We hypothesized increased Nogo-A concentration in ALS patient serum based on findings by another group of increased Nogo-A expression in ALS patient muscle (Dupuis et al. 2002
, Jokic et al. 2005
). Although Nogo-A is a transmembrane protein that is not normally secreted, we reasoned that atrophic changes often associated with ALS could result in release of Nogo-A or fragments of Nogo-A into the bloodstream, in a similar fashion to the release of creatine kinase from dying muscle (Achari & Anderson 1974
). A precedent for detectable Nogo isoforms in human serum exists (Rodriguez-Feo et al. 2007
). Moreover, a precedent exists for the use of decreased rather than increased concentrations of specific CSF peptides such as fragments of cystatin 3 and VGF as biomarkers for ALS (Pasinetti et al. 2006
Although the distribution of values for serum Nogo-A was significantly lower in ALS patients than healthy controls in our study, the mean values were not significantly different. Several possible explanations could underlie these findings. Degenerating muscle may release carboxyl-terminal Nogo-A fragments that would not be detected by our assay, which depends on the presence of Nogo-A residues 1–18 through 623–640 in serum. Alternatively, muscle atrophy may have been so advanced by the time of blood collection in ALS patients that serum Nogo-A levels may have already decreased after potentially increasing earlier during the disease course. A post-hoc analysis demonstrated no correlation between serum Nogo-A values and duration of disease symptoms (not shown). A study to follow Nogo-A levels over time within individual ALS patients could shed light on this possibility – our serum-based assay makes this approach much more feasible than performing multiple muscle biopsies.
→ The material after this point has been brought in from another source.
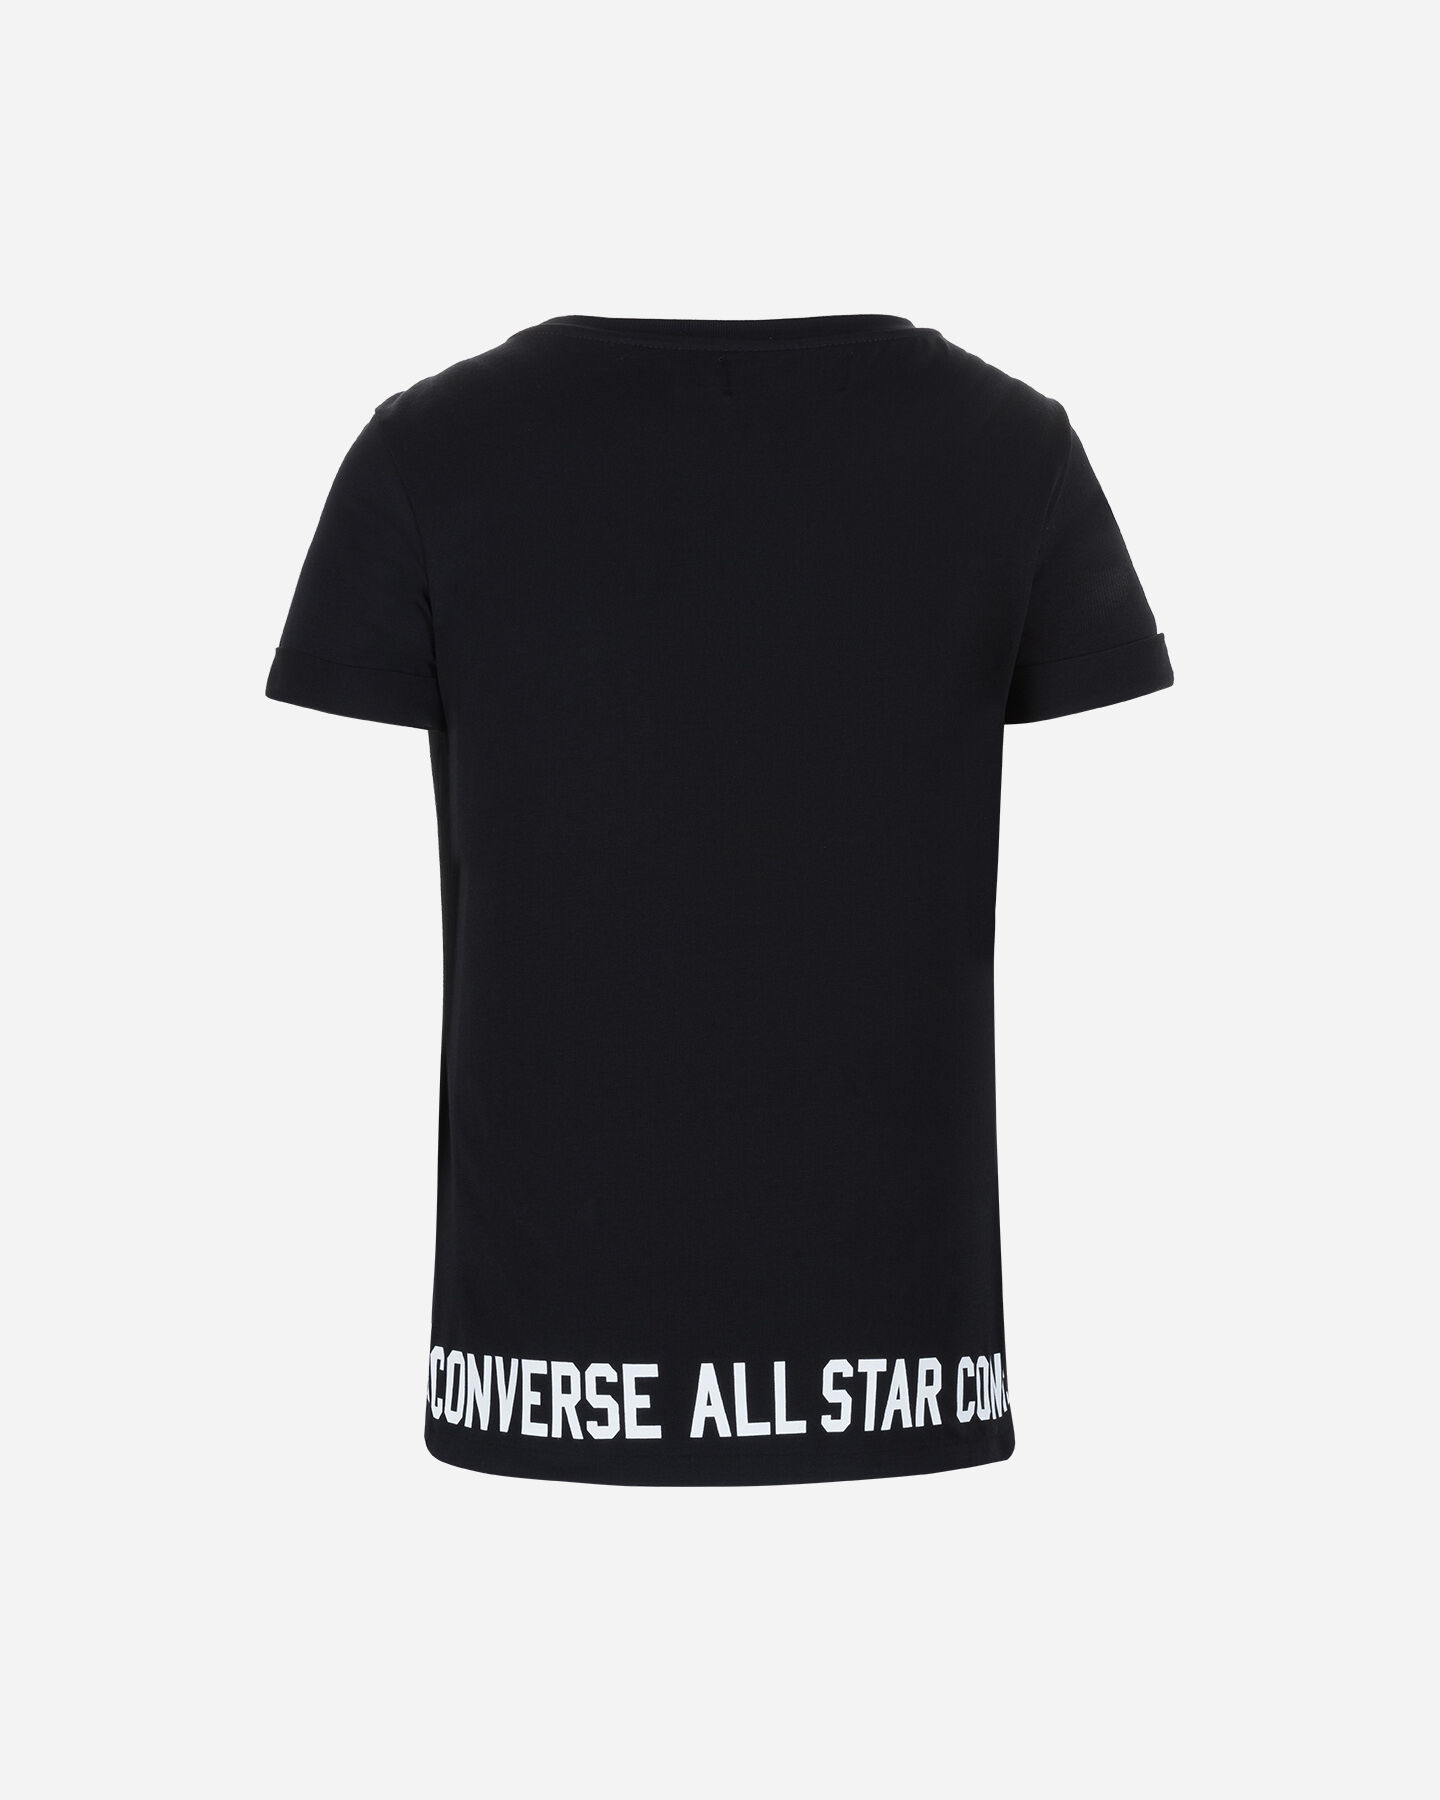  T-Shirt CONVERSE LOGO ROLL UP W S5181172|001|L scatto 1

Interestingly, a subset of subjects showed highly elevated Nogo-A serum values. This occurred more frequently in the healthy control group than the ALS group. We performed a separate experiment to determine whether these high Nogo-A values could be explained by inadvertent haemolysis of our serum samples. When Nogo-A levels were compared in whole venous blood obtained from five healthy volunteers separated into serum, plasma and cell pellet homogenate, values were 84% higher for the cell homogenate, but still well below the 2 nM cut-off used to delineate ‘highly elevated’ serum Nogo-A values (not shown). Thus, even if there were varying levels of haemolysis among our 344 serum samples, this would not cause a sufficient rise in Nogo-A levels to explain the subset of samples with values higher than 2 nM. We do not have matching muscle biopsy samples to determine whether elevated serum Nogo-A correlates with elevated muscle Nogo-A in healthy controls or ALS patients. However, these findings add to evidence that increased Nogo-A expression may not be specific for ALS (Wojcik et al. 2006
, Teng & Tang 2008
, Magnusson et al. 2003
, Tagerud et al. 2007
). It will be of great interest to determine other potential causes of elevated serum Nogo-A, and whether this elevation has any phenotypic effect.
In summary, unlike muscle Nogo-A, concentrations of serum Nogo-A do not increase in ALS.